В какой-то момент он оборачивается и тихо спрашивает:

– Может быть… ты Анна? – Так зовут гениальную в прошлом сестру Моцарта.

Но рядом снова никого.

Если бы я мог тогда представить подлинную твою прозорливость, я задумался бы над тем, как опечалили тебя мои мечты, и увидел бы некий знак. Но нет же. Окрыленный твоим одобрением, я стал еще рьянее искать пути к тому, чего желал.

Сначала судьба была против: за помощью я обратился к курфюрсту, который приятельствовал в Вене с моим кумиром и посещал с ним одни салоны. Но не стоило заикаться, что я рвусь к Моцарту не в гости, а в ученики: Макс Франц желал наполнить талантами свой двор, а вовсе не раздаривать эти таланты столицам, где правили его братья и сестры. Меня он по каким-то причинам считал весьма себе талантом, да еще протеже, которого нужно почаще таскать с собой на манер мопса и учить жизни. Поэтому, обрушив на мою голову категорический отказ, курфюрст напрямик объяснил и причины. Они были разумными, озвучивались без злобы или обиды… но мне многого стоило не бросить в его румяное лицо тарелкой, как бы крамольно это ни выглядело.

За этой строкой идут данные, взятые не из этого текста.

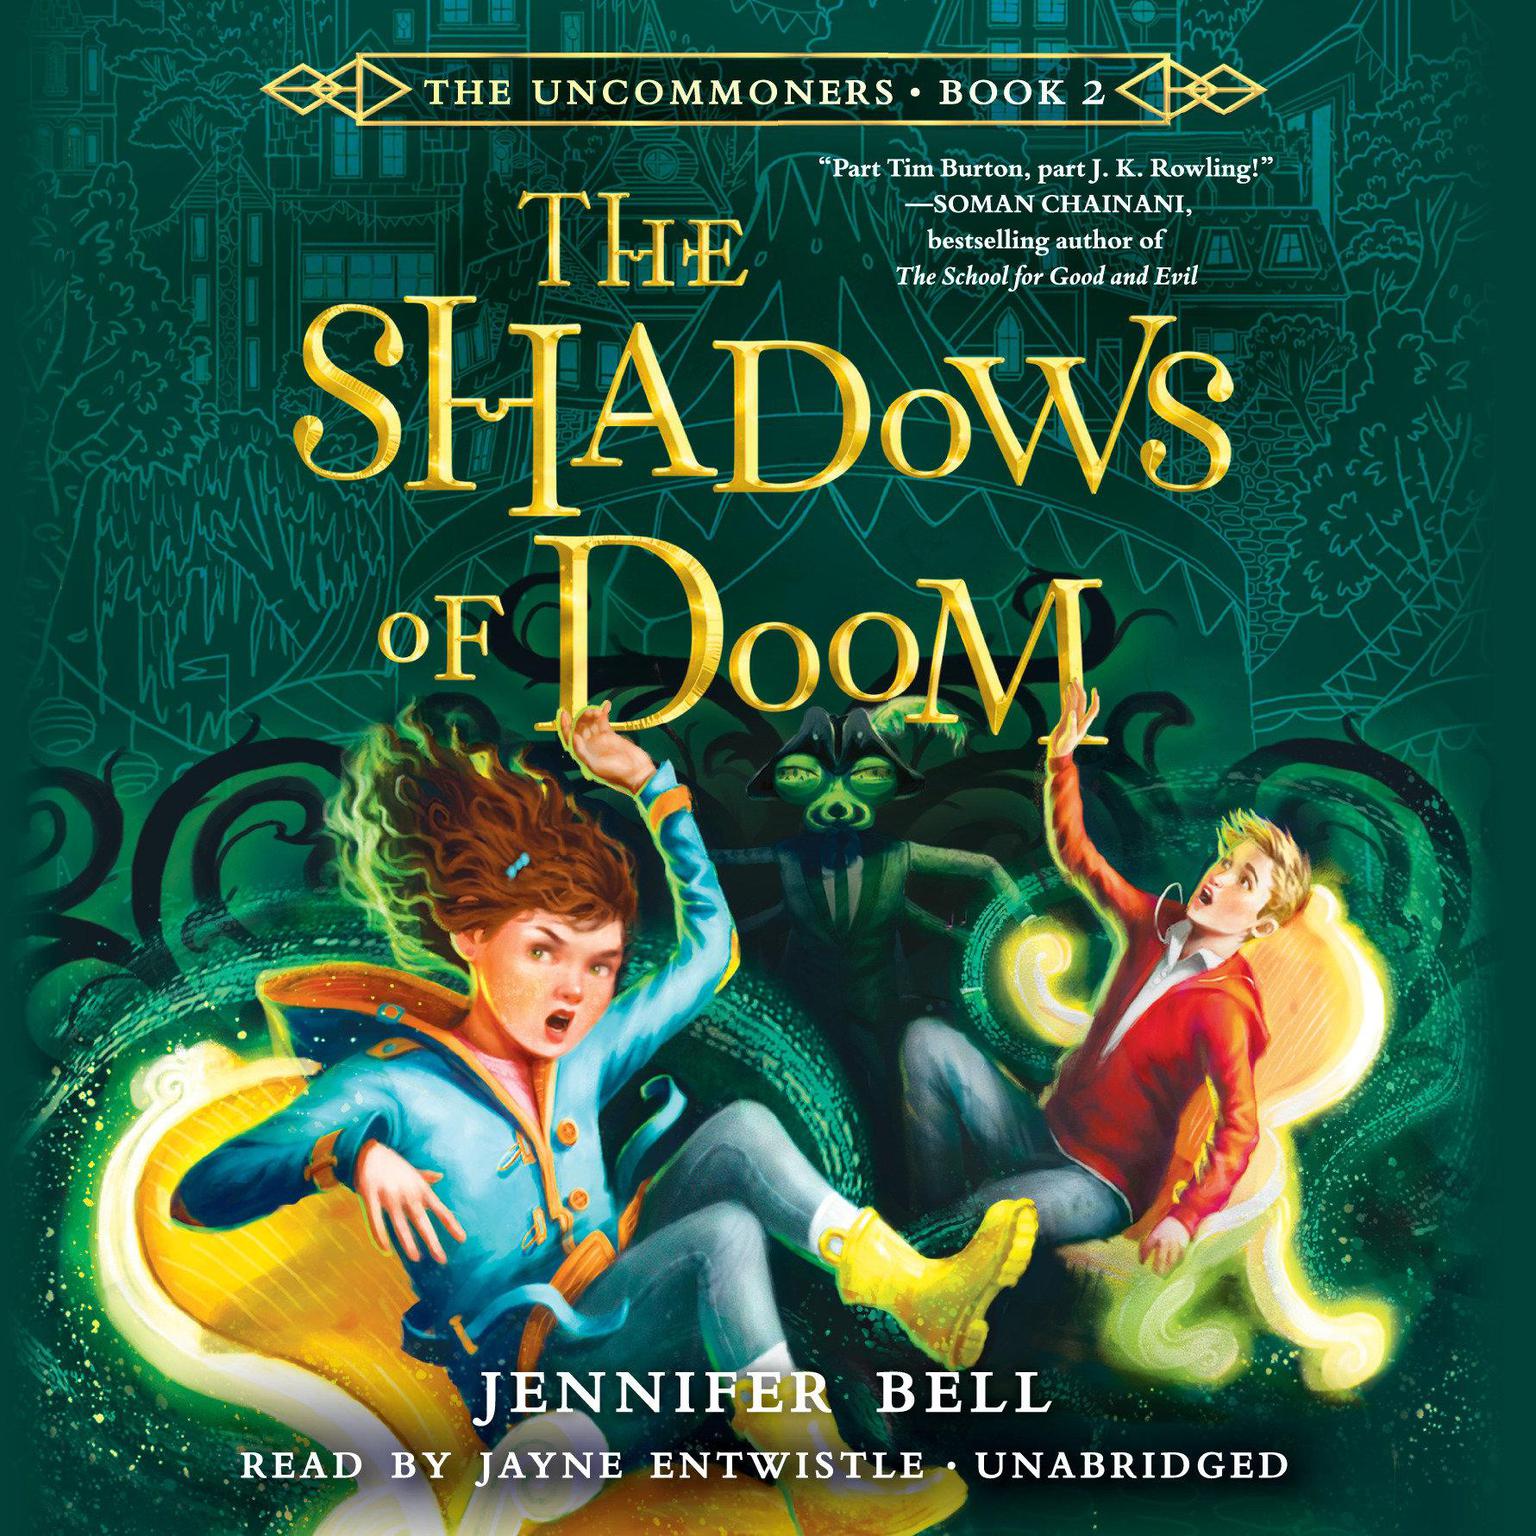 The Uncommoners #2: The Shadows of Doom Audiobook, by Jennifer Bell

Тогда мы инкогнито, будто заговорщики, сидели в темной пивной при гостинице «Цергартен»: Макс Франц обожал подобные игры куда больше, чем августейшие мероприятия в резиденции. Тем более я сам не хотел поднимать шума, догадывался: отцу доложат о каждом моем шаге, не приятели из капеллы, так Каспар, который потихоньку плелся по моим музыкальным следам и как-то незаметно приобретал скверную привычку ябедничать за пару монет.

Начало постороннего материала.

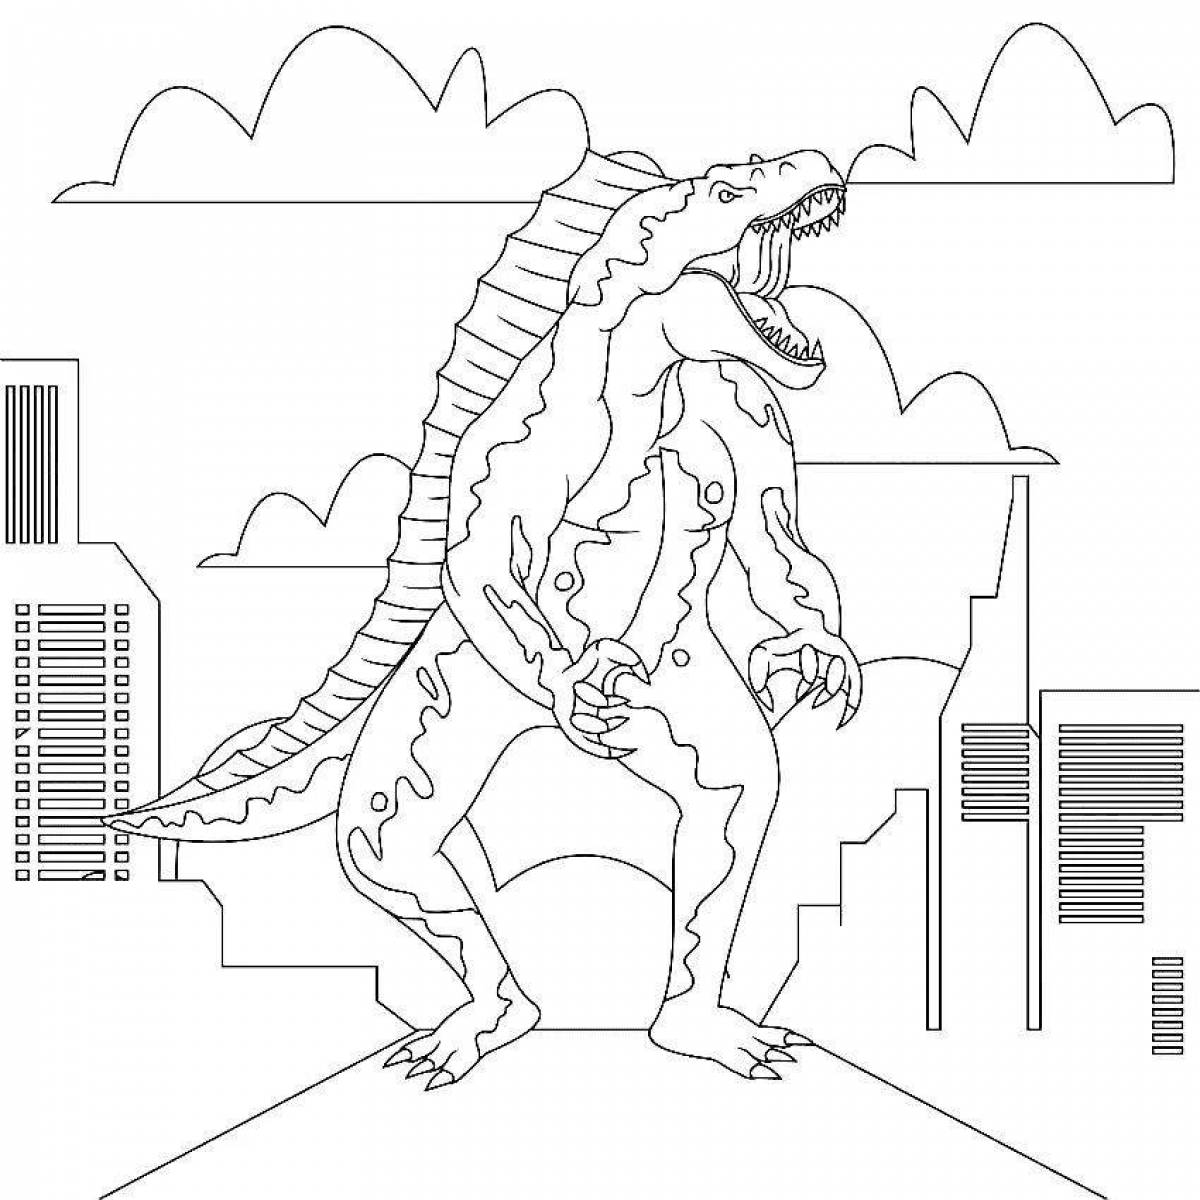 Godzilla coloring book for kids

– Ты дорог мне, Людвиг! – гаркнул курфюрст, стукнув по столку пивной кружкой. Моя скромная чарка с разбавленным рейнским подскочила. – Дорог, и, знаешь ли, я не жажду отпускать тебя в лабиринт к Минотавру!

– Вы зовете Минотавром герра Моцарта? – удивленно уточнил я, наблюдая, как он уписывает жареные свиные уши из внушительной, с его голову размером, миски.

– Я зову лабиринтом Вену, – поправил меня его высочество, вгрызаясь в особенно сочный хрящик. – А Минотавр там не в единственном числе… даже любезный брат мой[7] – тот еще Минотавр, мне ли не знать. Испортят они тебя, навьючат своими мечтами и пороками, а то и растлят, это они могут, м-м-м… держись лучше меня, а?

И он густо, довольно засмеялся, а я нахмурился. Заметив это, он вздохнул, сделал еще глоток пива и подался ближе, шмыгая грубоватым для такой августейшей особы носом. Он очень любил, чтобы ему улыбались, и ненавидел насупленные брови.

– Не сердись, милый Мавр, – зарокотал он. – Но ты юн, впечатлителен, творишь кумиров, а это, скажу я тебе как лицо духовное, как архиепископ[8]

– У меня всего один кумир. – Перебивать было неучтиво, но я не сдержался, а он, привыкший к подобному и бессовестно забавлявшийся моим несахарным характером, заявил:

– Даже этого много. – И он кинул в рот очередное свиное ухо.

Мы помолчали пару неловких, унылых минут, за которые я успел трижды пожалеть о попытках разжиться помощью, а его высочество – осушить кружку. Ее тут же обновила дочь хозяйки и, проходя мимо, бросила на нас долгий взгляд. Я потупился, а курфюрст, и так тучный, приосанился, раздуваясь до размеров горы. Темноволосая, белокожая Бабетта Кох отличалась и красотой, и проницательностью, вся в мать. Не сомневаюсь, она поняла, с кем я выпиваю, но не подала виду. В этом заведении секреты хранили не хуже, чем готовили жирные закуски и подначивали гостей спускать на выпивку последнюю монету.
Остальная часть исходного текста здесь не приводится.